What Actually Changed for the Client
The client moved from a manual, fragmented list upload process to a structured one. The impact showed up in four places.
Campaign readiness got faster. Ops stopped touching every list end-to-end and started focusing on exceptions. Routine imports moved on their own.
Data got cleaner before import, not after. RDN catches problems upstream, which means segmentation, routing, and scoring downstream actually behave the way the team expects.
Attribution held up. Because Marketo program structure and Salesforce campaign creation are connected at the point of import, campaign context is preserved from the start — instead of being reconstructed later at the reporting stage, which is where most attribution problems originate.

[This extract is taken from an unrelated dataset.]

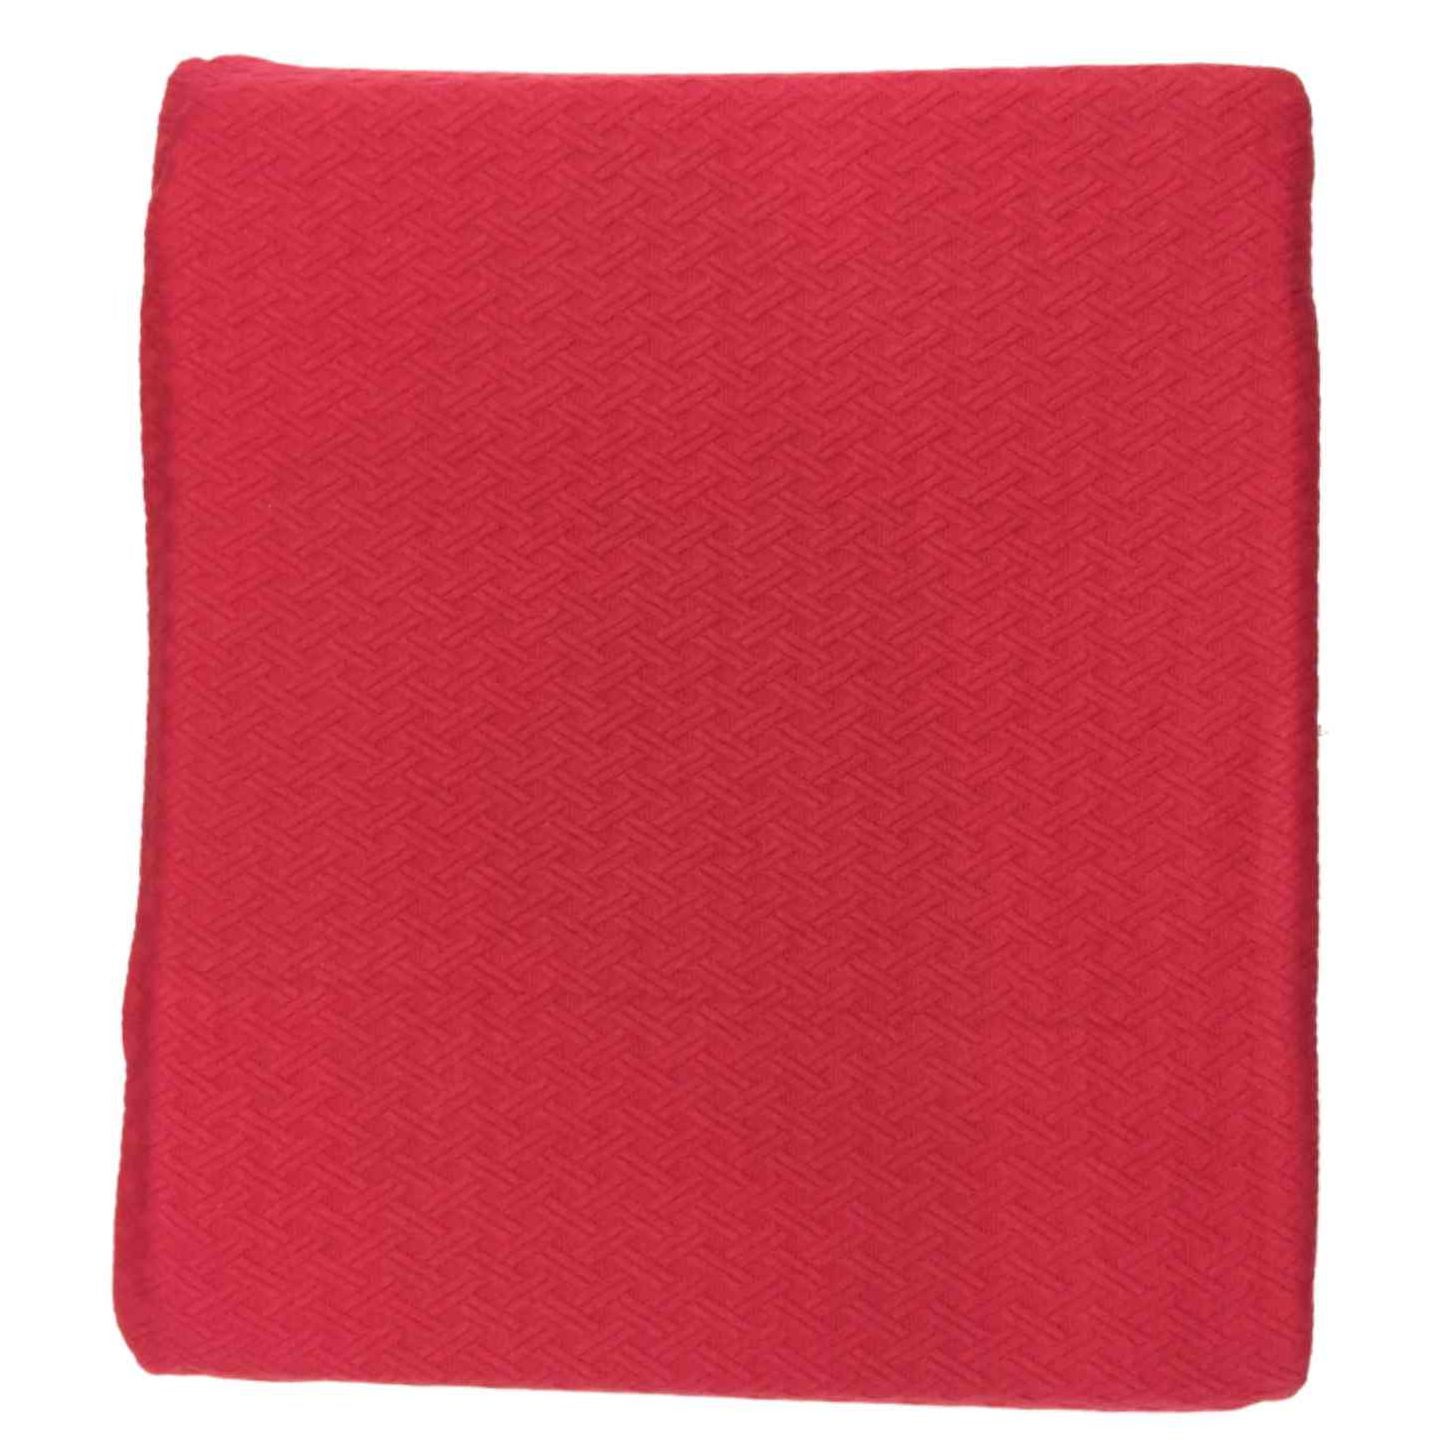 Chaps Home Matelasse King Cotton Bedspread Emma Red Bed Cover

The workflow became extensible. Today it handles list import and cleaning. The next phase deepens Clay enrichment, automates program creation, automates Salesforce campaign creation, and adds AI-assisted email enrichment. The same operating pattern can be applied to webinar ops, event follow-up, nurture, partner campaigns, and ABM plays.
The Bigger Lesson: AI-Ready Ops Starts With Workflow Discipline
A lot of marketing teams are currently bolting AI onto operations and hoping it fixes things. It won’t.
If your intake is inconsistent, your data is messy, your naming conventions are loose, and your MAP and CRM aren’t talking to each other properly, AI will only make the mess move faster. Before marketing ops can become AI-enabled, it has to become workflow-enabled — clear intake, clean data rules, standardized campaign structures, defined exception handling, connected MAP and CRM processes, and human review where judgment is actually required.
That’s the foundation that makes AI useful in campaign operations. Not as a chatbot sitting on top of broken systems, but as part of a controlled operating model where data, workflow, and execution are designed to work together.
RightWave’s Take
Campaign ops isn’t really about building emails, creating programs, and importing lists anymore. It’s about designing repeatable operating systems for marketing execution — intake, automation, normalization, MAP/CRM alignment, governance, QA, enrichment, and AI-readiness as a connected whole.
For this client, the list upload workflow was a starting point. The real opportunity is much larger: once the intake-to-import flow is automated and governed, the same pattern extends across the rest of the campaign ops surface area.
That’s the actual promise of automation in marketing operations. Not doing the same work faster. Building a cleaner system to do it in.